What is De-Normalized Data?
Normally we like our data served up in flat-files with rows and columns. Columns store data we wish segregated for a record, like name, address, city, state or zip. Rows store the complete list of data as is pertains to one complete record; like a customer or product.
But what happens when our data won’t fit neatly into this model? Like a list of people attending a conference or links between product categories. A good example of denormalized data (that’s been normalized) are breadcrumbs on a webpage or a website menu system.
For the sake of demonstration the table on the left has a field labeled "firstname" and a field containing denormalized data labeled "list". The "list" field may hold a list of friends of the person named in the firstname field. It could also be a list of attendees to a meeting.
So what is so important about a denormalized data list. Just ask Facebook or eBay or Amazon. Their entire data mining models are based on denormalized data. Customers have different likes and dislikes. Some customers have many hobbies or favorite subjects and others may have very few. By normalizing "denormalized" data we are better able to identify target audiences, behaviors, and more importantly "patterns". Yes, can we all say PATTERN! You may have seen a detective story where the savy investigator discovers a suspect has been seen near the scene of three homicides or robberies. If the suspect was around one of the scenes it may be thought of as a "coincidence"; if he/she was seen around two of the crime scenes…? definitely not a coincidence; and if he was seen around THREE of the crime scenes! GUILTY! (maybe…). Regardless, a denormalized list can lead us to patterns we would not necessarily spot or identify as fast, as we might using a denormalized list.
XFN, FOAF and the Meaning of Life
Contemporary models like XFN (extended friend network), FOAF (friend of a friend), Six Degrees of Separation (Stanley Milgram) or The Three Degrees of Influence Rule – written about in "Connected" by Christakis & Fowler (Little,Brown & Company 2009) as an understanding of confluence patterns of groups of people and their connections. Most definitely a real meat and potatoes explanation of human being’s quest for spirituality, love and the after-life.
Back to the Real World
To locate hidden patterns in mountains of denormalized data generated by legacy systems, websites, spreadsheets, financial records, receipts and hundreds of other data sources it takes just a few things.
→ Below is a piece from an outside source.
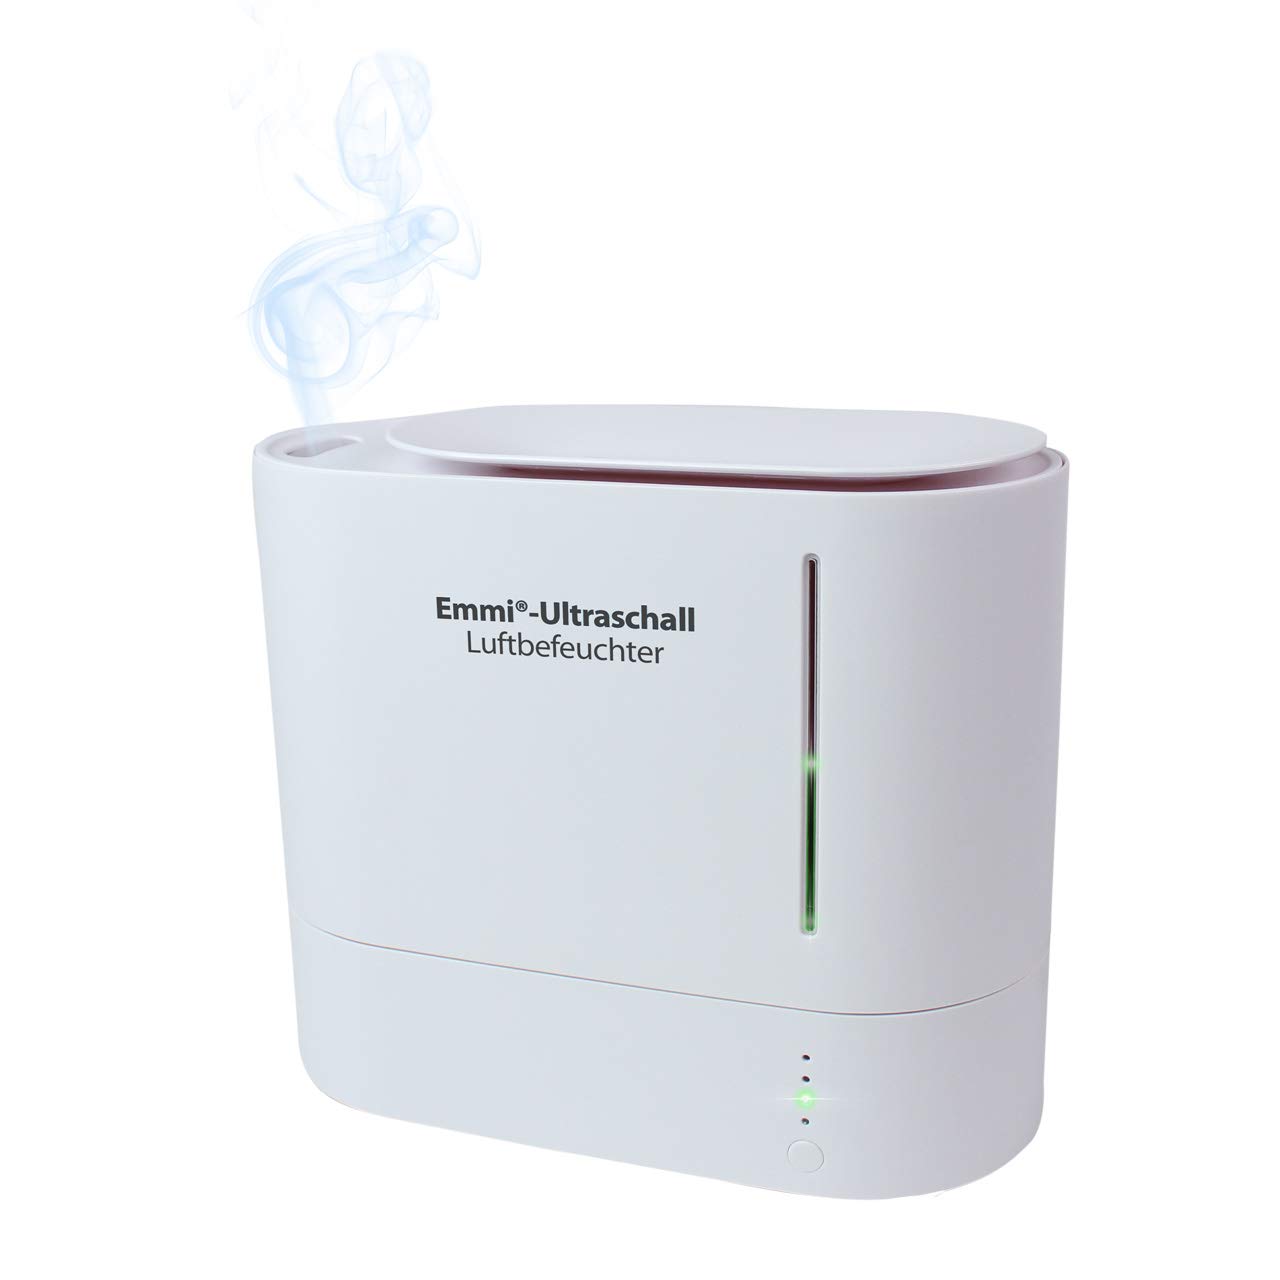 Emmi-Ultraschall Luftbefeuchter "oval" - für Kinderzimmer, Wohnzimmer, Schlafzimmer, Büro - Für ein besseres Raumklima

First of all, denormalized data would be a good thing but what if you don’t have any? Then you make some! Using a few flat-files, some random generated strings here and there we can piece together enough data to enable us to develop software that automates the process of churning through millions of records looking for a few "needles in the hay stack."
Development Tools, the Cloud and Other Sundry Items
Open source and semi-open source solutions are here to stay. The days of being ham-stringed to licensing, versioning, and phone support are gone. Mainstream, seasoned products like MySQL, Actionscript, PHP, Flexicious (see part 4) and Adobe Flex 4.5 (Eclipse) are hard to beat for security, reliability, ease of use and overall adoption by professional developers.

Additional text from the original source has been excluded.